OpenAI GPT Text Completion

Dataiku can leverage the OpenAI GPT and ChatGPT APIs to perform natural language tasks based on prompts.

This uses the expressive power of GPTs to allow users to perform specialized or customized NLP tasks, by directly providing examples of what they want, and letting the GPT models perform the task.

Use case examples for this capability can include: * Generating customized outreach campaigns based on customer characteristics and predicted risk profile * Extracting key concepts from text reviews without having to generate costly ontologies * Identifying common problems and root causes from field technician reports * Extracting information from unstructured data without developing costly custom extractors * Matching a city to the country it is in

In order to leverage this capability, you need to provide an OpenAI API key. You can then select the OpenAI model to use, among:

  • GPT 3

  • GPT 3.5 / ChatGPT

  • GPT 4

Note that the OpenAI API is a paid service. Check their API pricing page for more information.

You then provide a prompt, as well as examples.

Setup

This capability is provided by the “OpenAI GPT Text Completion” plugin, which you need to install. Please see Installing plugins. This plugin is Not supported

Once the plugin is installed, an administrator needs to create a preset in order to use it.

First of all, you need to Create an OpenAI account and retrieve an API key.

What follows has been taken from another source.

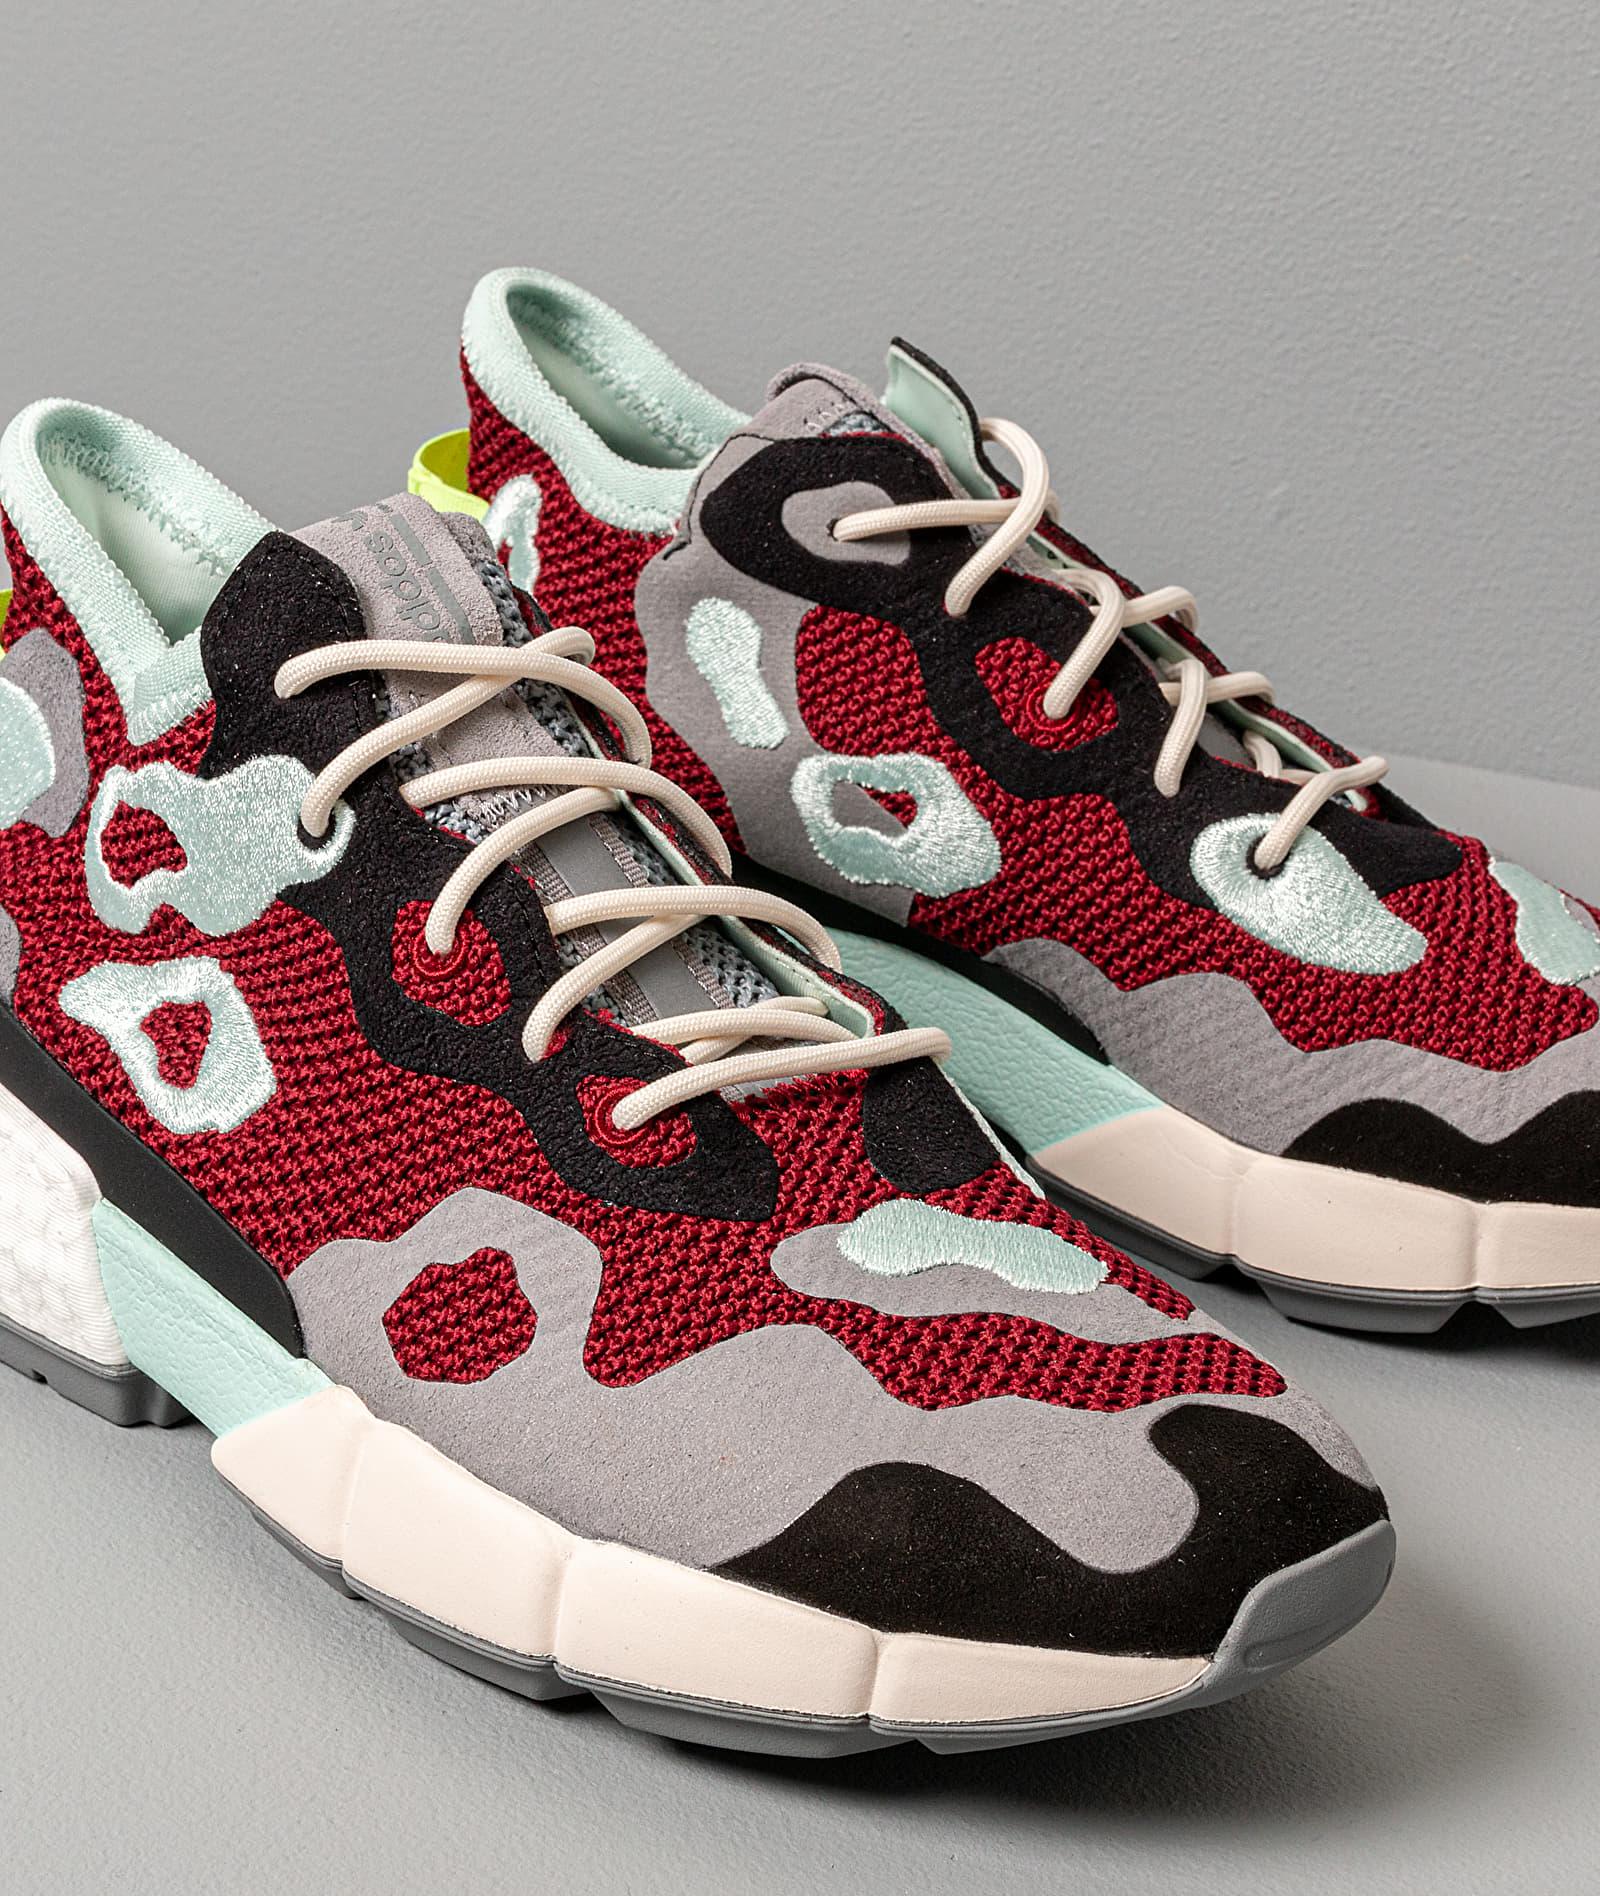 adidas Pod-S3.2 Ml Core Burgundy/ Grey Three/ Ice Mint, Red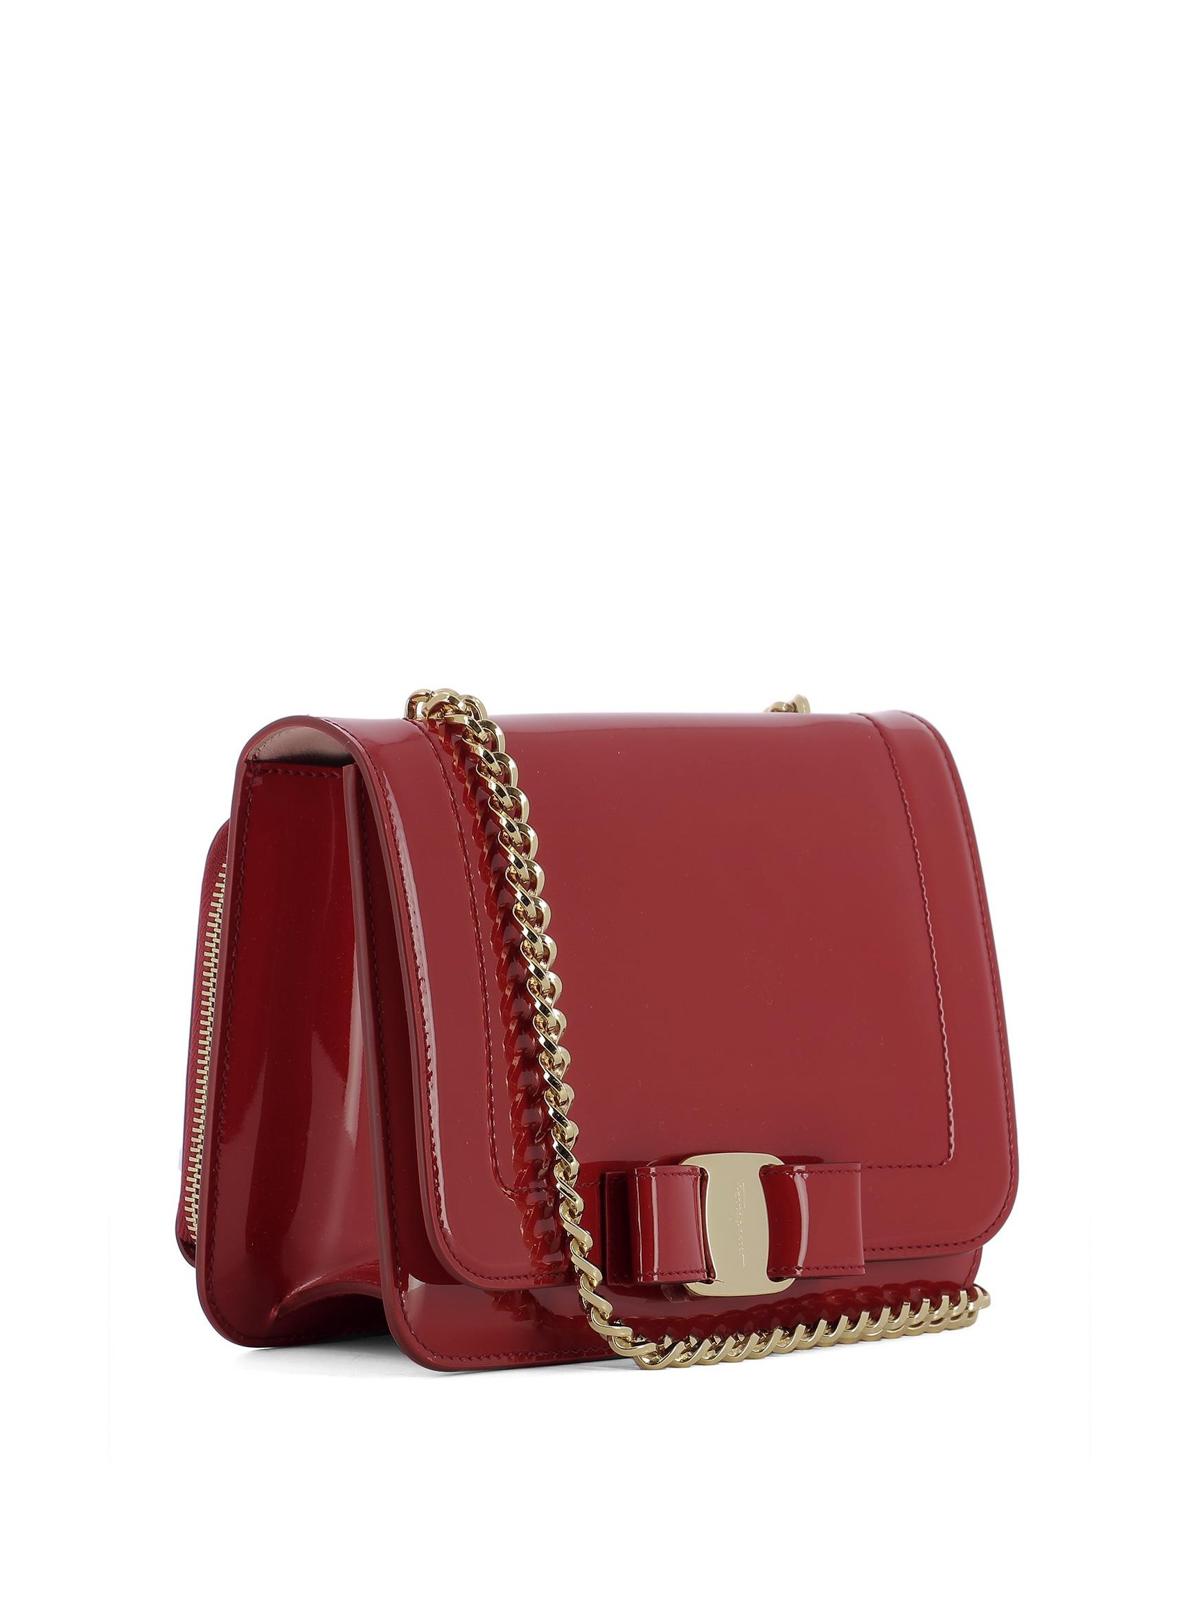 ea5d235f64ae SALVATORE FERRAGAMO  cross body bags online - Vara Rainbow red patent  leather bag

In DSS, go to the plugin page > settings > OpenAI API connection, and click “Add preset”, give it a name.

Enter your API key, and optionally, select the OpenAI model to use. By default, GPT 3.5 Turbo (aka ChatGPT) is used. This is the recommended model, as it provides excellent performance at a low price.

Make the preset available to everybody, or to specific groups of users.

Usage

Select the dataset containing the inputs, and click on the “OpenAI GPT Text completion” icon in the right panel. Create the output dataset as you usually do.

You then need to fill at least

  • Task: This is the task you want the model to perform. Refer to OpenAI’s API reference for example tasks the models can perform. For example “for each city in the document, give me the name of the country it is in. Give the answer as a comma-separated list”

  • Input text column: the column in the input dataset containing the input

  • Input description: a short description of what the input “is”. This helps the model. For example, “Text containing city names”

  • Output description: a short description of what the input “is”. This helps the model. For example, “Comma-separated country names”

  • Examples: Fill this with several examples of the kind of outputs you would like the model to generate. The more examples, the better the performance. However, more examples will send more tokens per request incurring more charges by OpenAI.

You can now run the recipe.

The output dataset contains the generated text:

  • A column named after the “output descirption” contains the GPT-generated data

  • The “gpt_response” contains the raw API response

  • The “gpt_error_message” and “gpt_error_type” columns contain errors, if any

Advanced usage and settings

Advanced options at preset level

  • The default Concurrency parameter means that 4 threads will call the API in parallel. We do not recommend changing this default parameter unless your server has a much higher number of CPU cores.

  • The Maximum Attempts means that if an API request fails it will be reattempted (default 3 reattempts). Regardless of whether the request fails because of e.g. an access error with your OpenAI account or a throttling exception due to too many concurrent requests, it will be tried again.

  • The Waiting Interval specifies how long to wait before retrying a failed attempt (default 5 seconds). In case of a throttling exception due to too many requests increasing the Waiting Interval may help, however, we recommend first decreasing the Concurrency setting.

Advanced options at recipe level

  • The Temperature parameter controls the imagination of the model. It can be between 0 and 1. Try a lower value for factual generations or a higher one for more creative outputs.

  • The Max tokens parameter determines the maximum tokens the model will generate per row. As OpenAI charges based on the number of tokens, lowering this value can help control costs.

See the OpenAI Documentation for more details

Generating without input

The recipe can also be used without input data. For example “Give me the list of cities with more than 5 million inhabitants”.

In order to use that mode, you must create the recipe from the “+ Recipe” button in the Flow, by selecting “Natural Language Processing”, then “OpenAI GPT Text completion”. Create an output dataset.

Enable “output-only” mode.

You then only set the task, the output description, some examples, and how many rows of output you want.